Sepsis and septic shock were often accompanied by coagulation disorders, mainly due to the activation of intravascular coagulation and damage to the microvascular endothelium [5, 6]. Certain hemostatic biomarkers are considered risk factors for sepsis onset and death [7, 8]. Fibrinogen, a plasma glycoprotein and essential coagulation factor, is a key mediator of hemostasis and contributes to antimicrobial defense mechanisms [9, 10]. Fibrinogen can indicate the prognosis and severity of diseases. An observational cohort study demonstrated that fibrinogen levels can predict the severity of coronary artery disease in patients with type 2 diabetes. Elevated fibrinogen levels are associated with increased coronary artery anatomical complexity and a higher incidence of major adverse cardiovascular and cerebrovascular events [11]. In addition, elevated fibrinogen levels were associated with an increased all‐cause mortality rate in patients with coronary heart disease [12]. Nevertheless, no significant correlation was observed between elevated fibrinogen levels and the prognosis of septic patients [13]. In contrast, a study proposed that an increase in fibrinogen levels was associated with a decreased risk of 28 day all‐cause death in sepsis patients [14]. Elevated fibrinogen levels typically indicate the depletion of hemostatic factors and are associated with the hypercoagulable and hyperfibrinolytic states observed in sepsis‐induced coagulopathy [15]. There is an increase in fibrinogen synthesis in the plasma of patients with sepsis or septic shock [16]. Currently, the association between higher or lower fibrinogen levels and the occurrence of septic shock in sepsis remains insufficiently studied. Furthermore, the dose‐response relationship between them has not been fully elucidated.

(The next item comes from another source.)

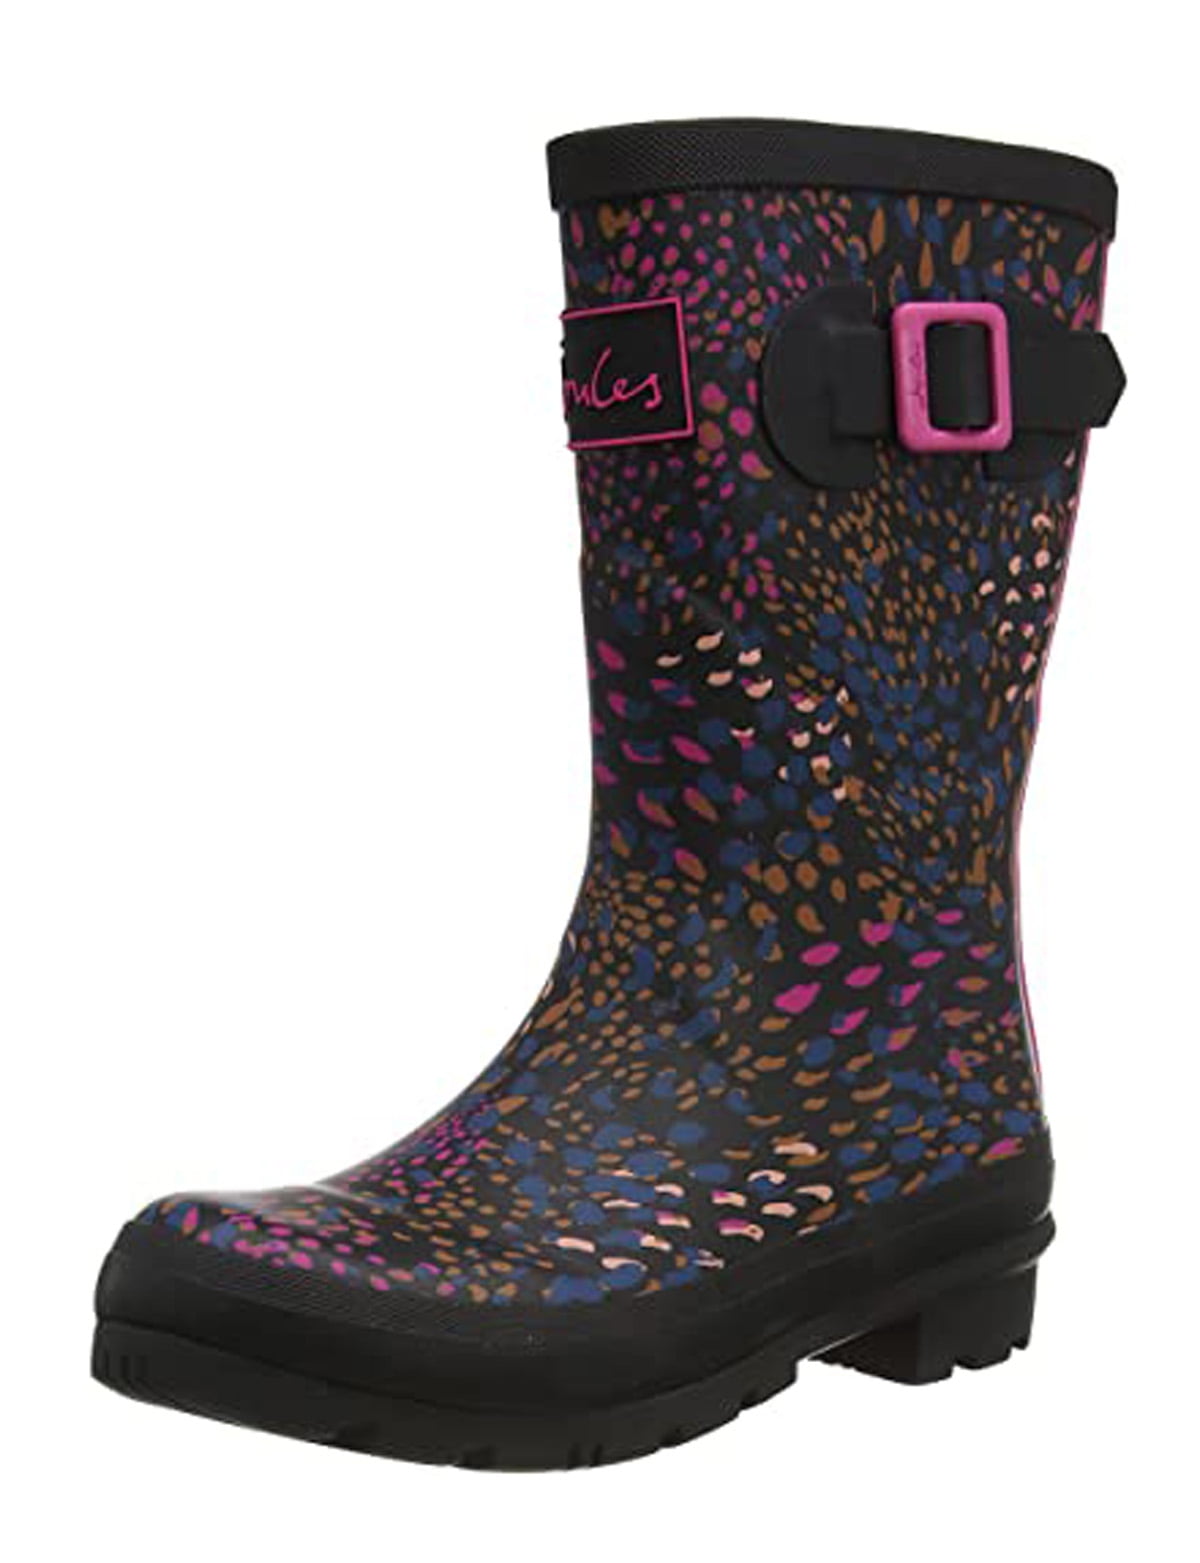 Ladies Booties Shiny Rain Boots SKADOO Size 5-11 Black or Navy Women's Boots 
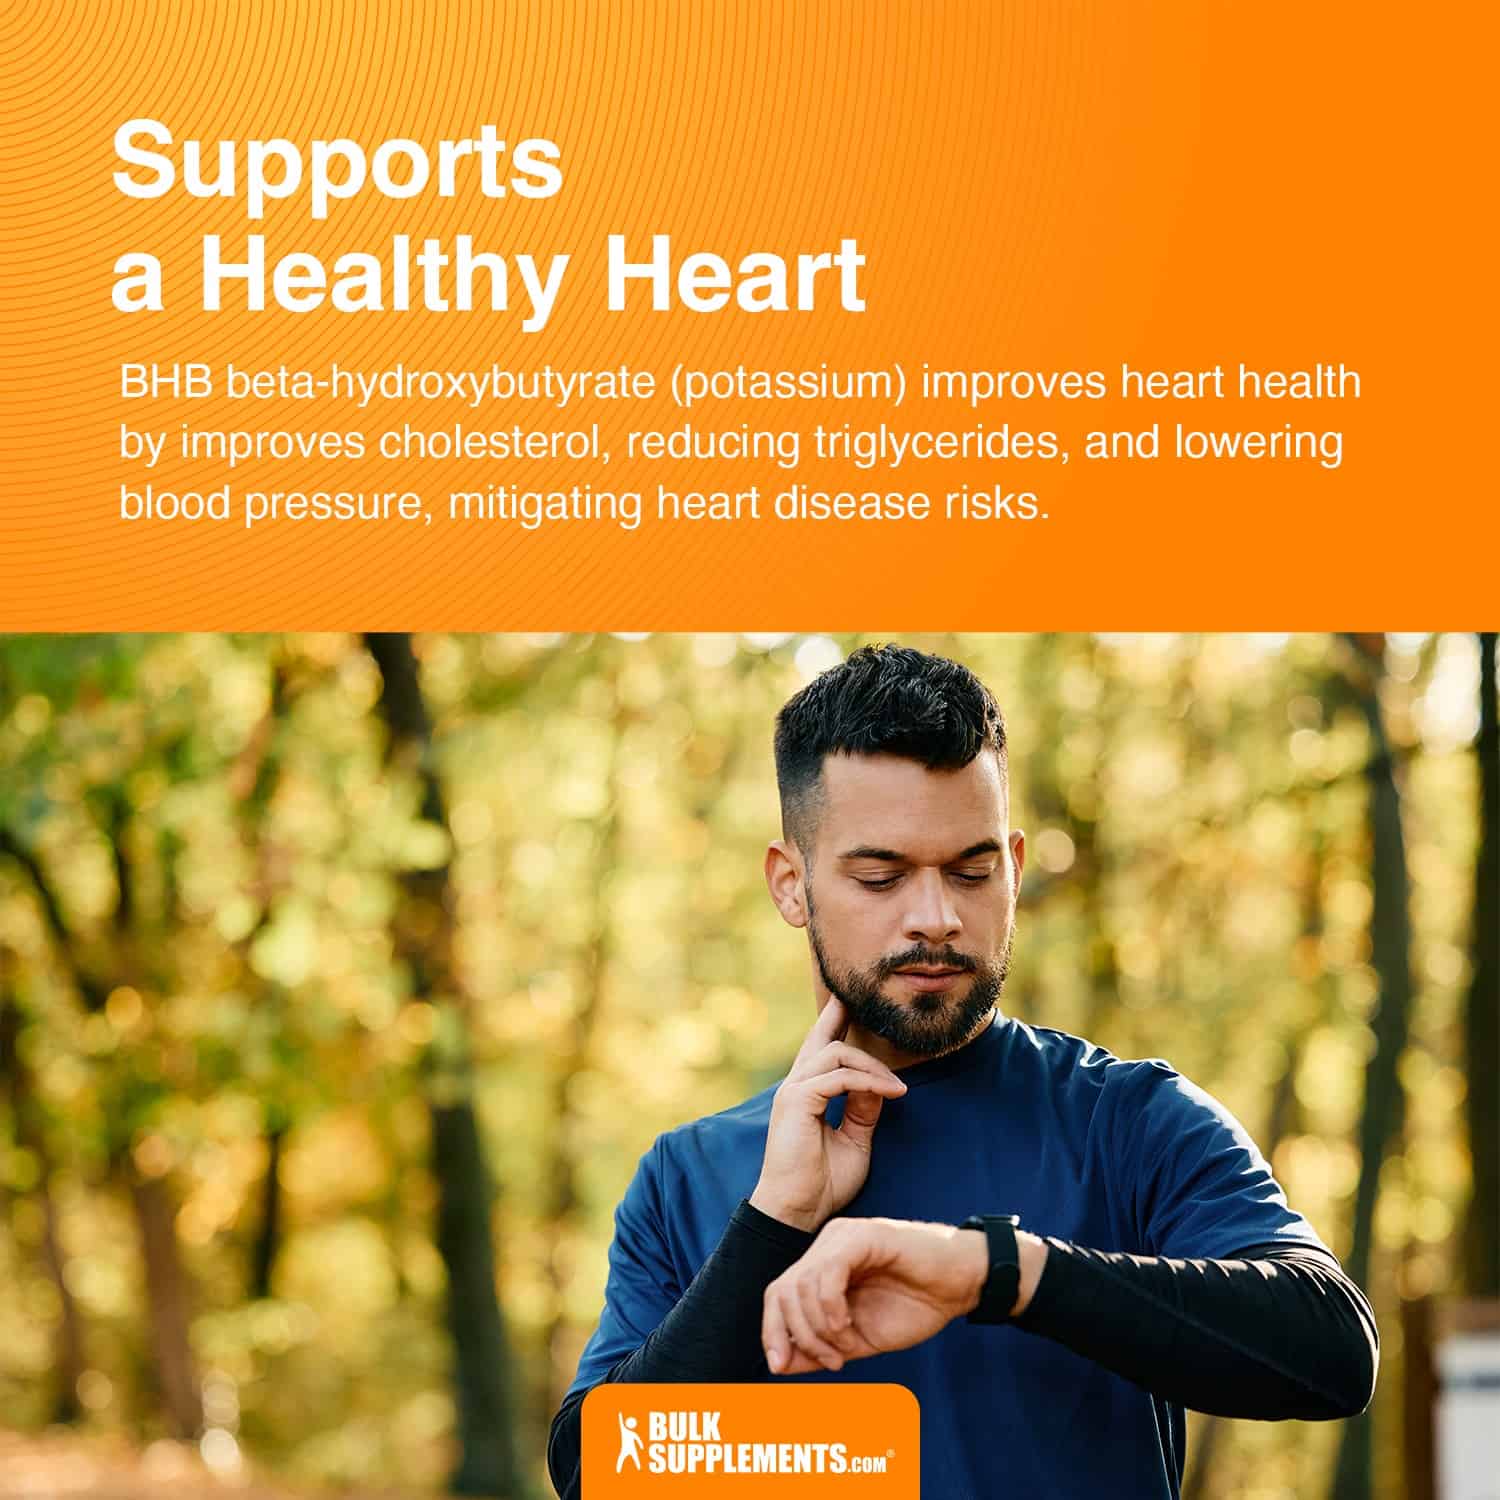 BHB (potassium) supports a healthy heart

This study aims to investigate the correlation between fibrinogen and the risk of septic shock in sepsis patients to provide a basis for the clinical assessment of patients’ conditions.
2. Methodology
2.1. Data Source
This observational cohort study utilized the Medical Information Mart for Intensive Care IV (MIMIC‐IV) database, version 3.1, a publicly accessible and extensive dataset designed for critical care research [17]. The MIMIC‐IV database comprises anonymized data from 2008 to 2024, sourced from the intensive care units of the Beth Israel Deaconess Medical Center, a leading academic medical center in Boston, USA [18, 19]. The MIMIC‐IV dataset encompasses detailed patient demographics, laboratory results, nursing notes, diagnostic records, medication logs, and additional critical health information. Given that all patient data have been de‐identified, the need for informed consent and additional ethical approval from individual patients is obviated. Our researchers have secured a license (record ID: 13578377) to use the database after completing the necessary training and assessments.
2.2. Study Population
This study enrolled patients aged ≥ 18 years who were admitted to the ICU for the first time and diagnosed with sepsis based on the Sepsis‐3 criteria. Sepsis‐3 is diagnosed as an increase of ≥ 2 points in the Sequential Organ Failure Assessment (SOFA) score when infection is suspected [1]. The exclusion criteria were (1) ICU stay < 1 day; (2) fibrinogen records were missing. Patients with sepsis were categorized into two groups based on whether they developed septic shock. The screening process is shown in Figure 1. This study followed the Strengthening the Reporting of Observational Studies in Epidemiology (STROBE) guidelines for reporting (Supporting Table 1).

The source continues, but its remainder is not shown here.